To Ofir - I have not yet finalized my spark streaming code. it is still
work in progress. Now we have Structured streaming available, so thought to
re write it to gain maximum benefit in future. As of now, there are no
specific functional or performance issues Nor I have to leverage any new
API. This is just considering future aspects.

Thanks
Gaurav

On Tue, Mar 14, 2017 at 1:05 PM, Ofir Manor <of...@equalum.io> wrote:

> To add to what Michael said, my experience was that Structured Streaming
> in 2.0 was half-baked / alpha, but in 2.1 it is significantly more robust.
> Also a lot of its "missing functionality" were not available in Spark
> Streaming either way.
> HOWEVER, you mentioned that you think about rewriting your existing spark
> streaming code... May I ask why do you need a rewrite? Do you have a
> specific functional or performance issues? Some specific new use case or a
> specific new API you want to leverage?
> Changing an existing, working solution has its costs, both in dev time and
> ops time (changes to monitoring, troubleshooting etc), so I think you
> should know what you want to achieve here and ask / prototype if current
> release fits it.
>
> Ofir Manor
>
> Co-Founder & CTO | Equalum
>
> Mobile: +972-54-7801286 | Email: ofir.manor@equalum.io
>
> On Mon, Mar 13, 2017 at 9:45 PM, Michael Armbrust <mi...@databricks.com>
> wrote:
>
>> I think its very very unlikely that it will get withdrawn.  The primary
>> reason that the APIs are still marked experimental is that we like to have
>> several releases before committing to interface stability (in particular
>> the interfaces to write custom sources and sinks are likely to evolve).
>> Also, there are currently quite a few limitations in the types of queries
>> that we can run (i.e. multiple aggregations are disallowed, we don't
>> support stream-stream joins yet).  In these cases though, we explicitly say
>> its not supported when you try to start your stream.
>>
>> For the use cases that are supported in 2.1 though (streaming ETL, event
>> time aggregation, etc) I'll say that we have been using it in production
>> for several months and we have customers doing the same.
>>
>> On Mon, Mar 13, 2017 at 11:21 AM, Gaurav1809 <ga...@gmail.com>
>> wrote:
>>
>>> I read in spark documentation that Structured Streaming is still ALPHA in
>>> Spark 2.1 and the APIs are still experimental. Shall I use it to re
>>> write my
>>> existing spark streaming code? Looks like it is not yet production ready.
>>> What happens if Structured Streaming project gets withdrawn?
>>>
>>>
>>>
>>> --
>>> View this message in context: http://apache-spark-user-list.
>>> 1001560.n3.nabble.com/Structured-Streaming-Can-I-start-using
>>> -it-tp28488.html
>>> Sent from the Apache Spark User List mailing list archive at Nabble.com.
>>>
>>> ---------------------------------------------------------------------
>>> To unsubscribe e-mail: user-unsubscribe@spark.apache.org
>>>
>>>
>>
>

Re: Structured Streaming - Can I start using it?

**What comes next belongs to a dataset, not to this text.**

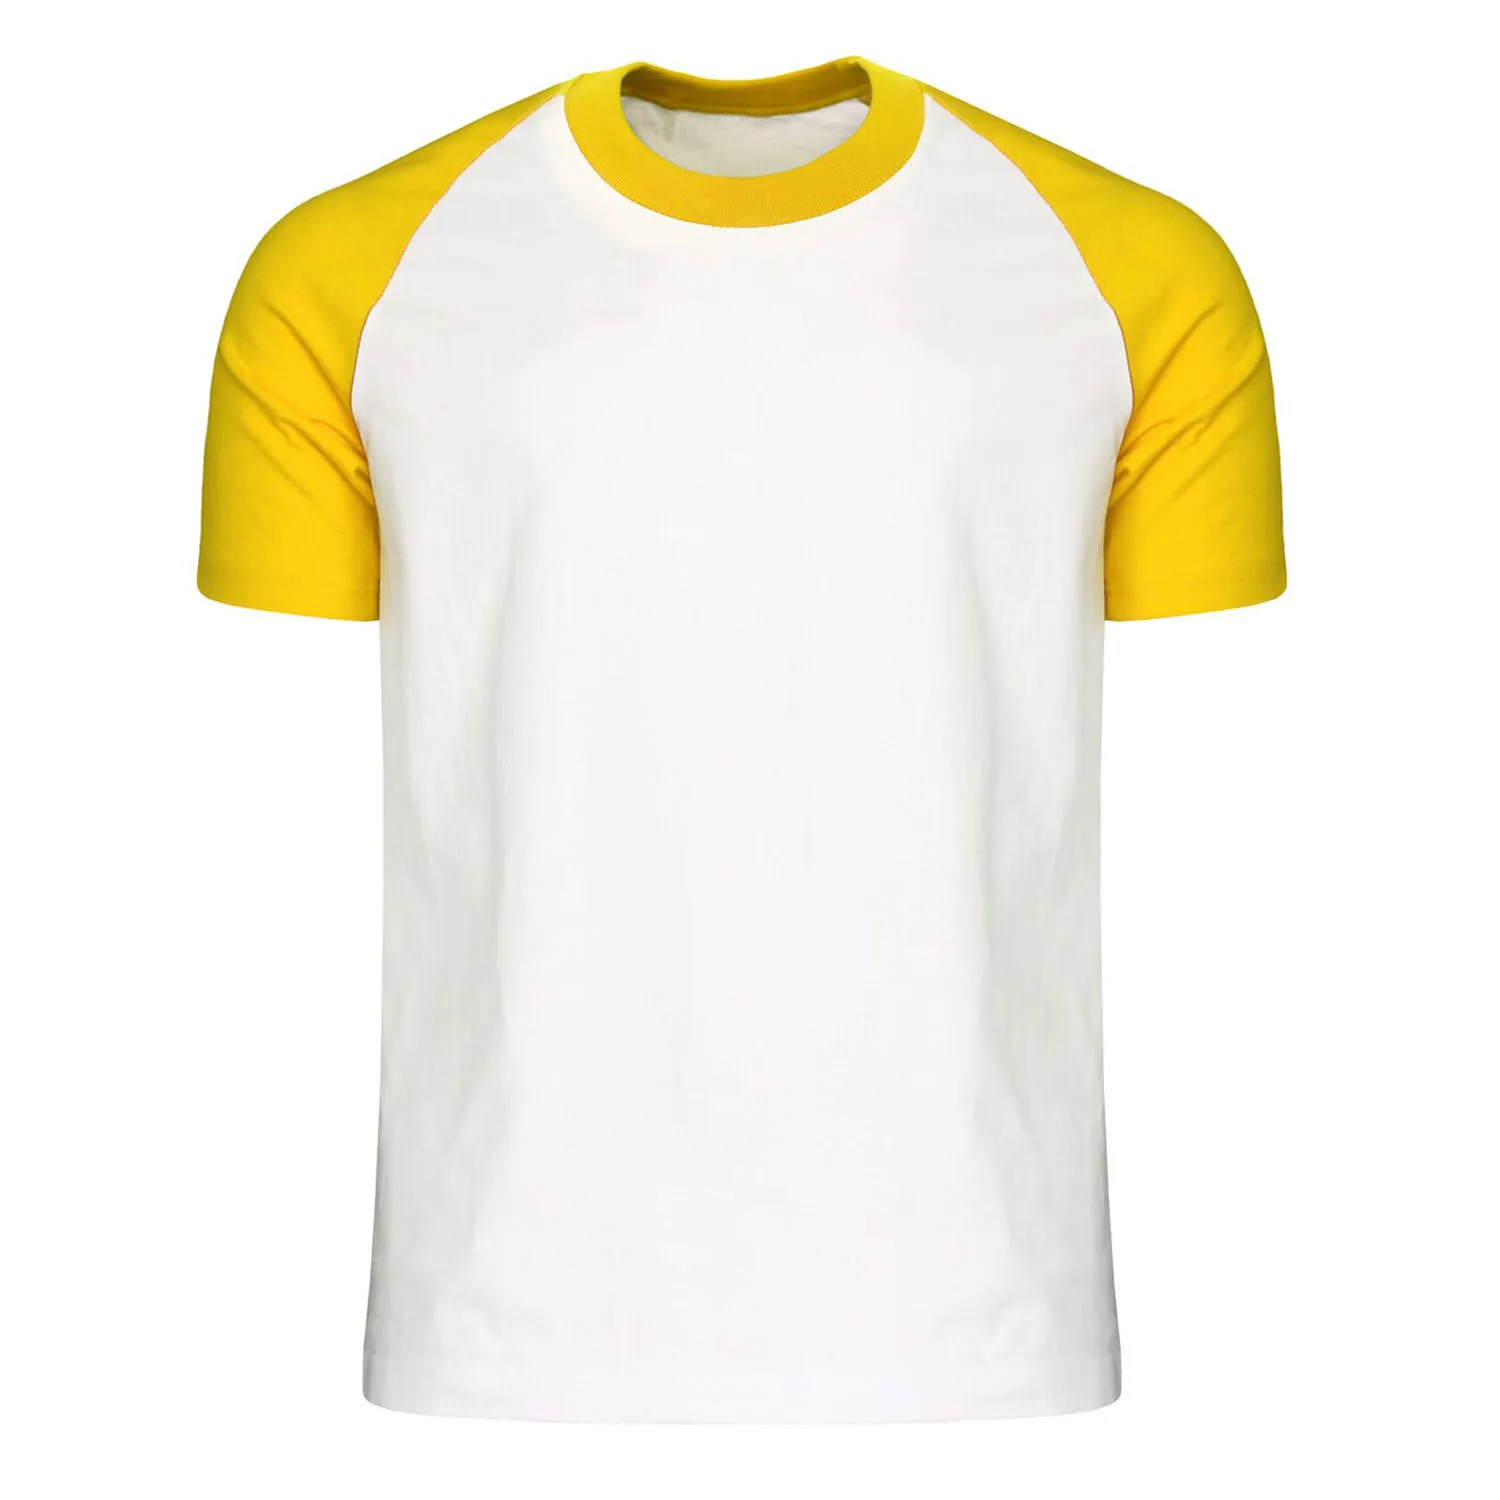 Großhandel einfarbig Wettbewerbspreis Polyester einfarbig Hemd im Großhandel Preis mit bedruckter Farbe und Logo

Posted by Ofir Manor <of...@equalum.io>.
To add to what Michael said, my experience was that Structured Streaming in
2.0 was half-baked / alpha, but in 2.1 it is significantly more robust.
Also a lot of its "missing functionality" were not available in Spark
Streaming either way.
HOWEVER, you mentioned that you think about rewriting your existing spark
streaming code... May I ask why do you need a rewrite? Do you have a
specific functional or performance issues? Some specific new use case or a
specific new API you want to leverage?
Changing an existing, working solution has its costs, both in dev time and
ops time (changes to monitoring, troubleshooting etc), so I think you
should know what you want to achieve here and ask / prototype if current
release fits it.

Ofir Manor

Co-Founder & CTO | Equalum

Mobile: +972-54-7801286 | Email: ofir.manor@equalum.io

On Mon, Mar 13, 2017 at 9:45 PM, Michael Armbrust <mi...@databricks.com>
wrote:

> I think its very very unlikely that it will get withdrawn.  The primary
> reason that the APIs are still marked experimental is that we like to have
> several releases before committing to interface stability (in particular
> the interfaces to write custom sources and sinks are likely to evolve).
> Also, there are currently quite a few limitations in the types of queries
> that we can run (i.e. multiple aggregations are disallowed, we don't
> support stream-stream joins yet).  In these cases though, we explicitly say
> its not supported when you try to start your stream.
>
> For the use cases that are supported in 2.1 though (streaming ETL, event
> time aggregation, etc) I'll say that we have been using it in production
> for several months and we have customers doing the same.
>
> On Mon, Mar 13, 2017 at 11:21 AM, Gaurav1809 <ga...@gmail.com>
> wrote:
>
>> I read in spark documentation that Structured Streaming is still ALPHA in
>> Spark 2.1 and the APIs are still experimental. Shall I use it to re write
>> my
>> existing spark streaming code? Looks like it is not yet production ready.
>> What happens if Structured Streaming project gets withdrawn?
>>
>>
>>
>> --
>> View this message in context: http://apache-spark-user-list.
>> 1001560.n3.nabble.com/Structured-Streaming-Can-I-start-
>> using-it-tp28488.html
>> Sent from the Apache Spark User List mailing list archive at Nabble.com.
>>
>> ---------------------------------------------------------------------
>> To unsubscribe e-mail: user-unsubscribe@spark.apache.org
>>
>>
>

Re: Structured Streaming - Can I start using it?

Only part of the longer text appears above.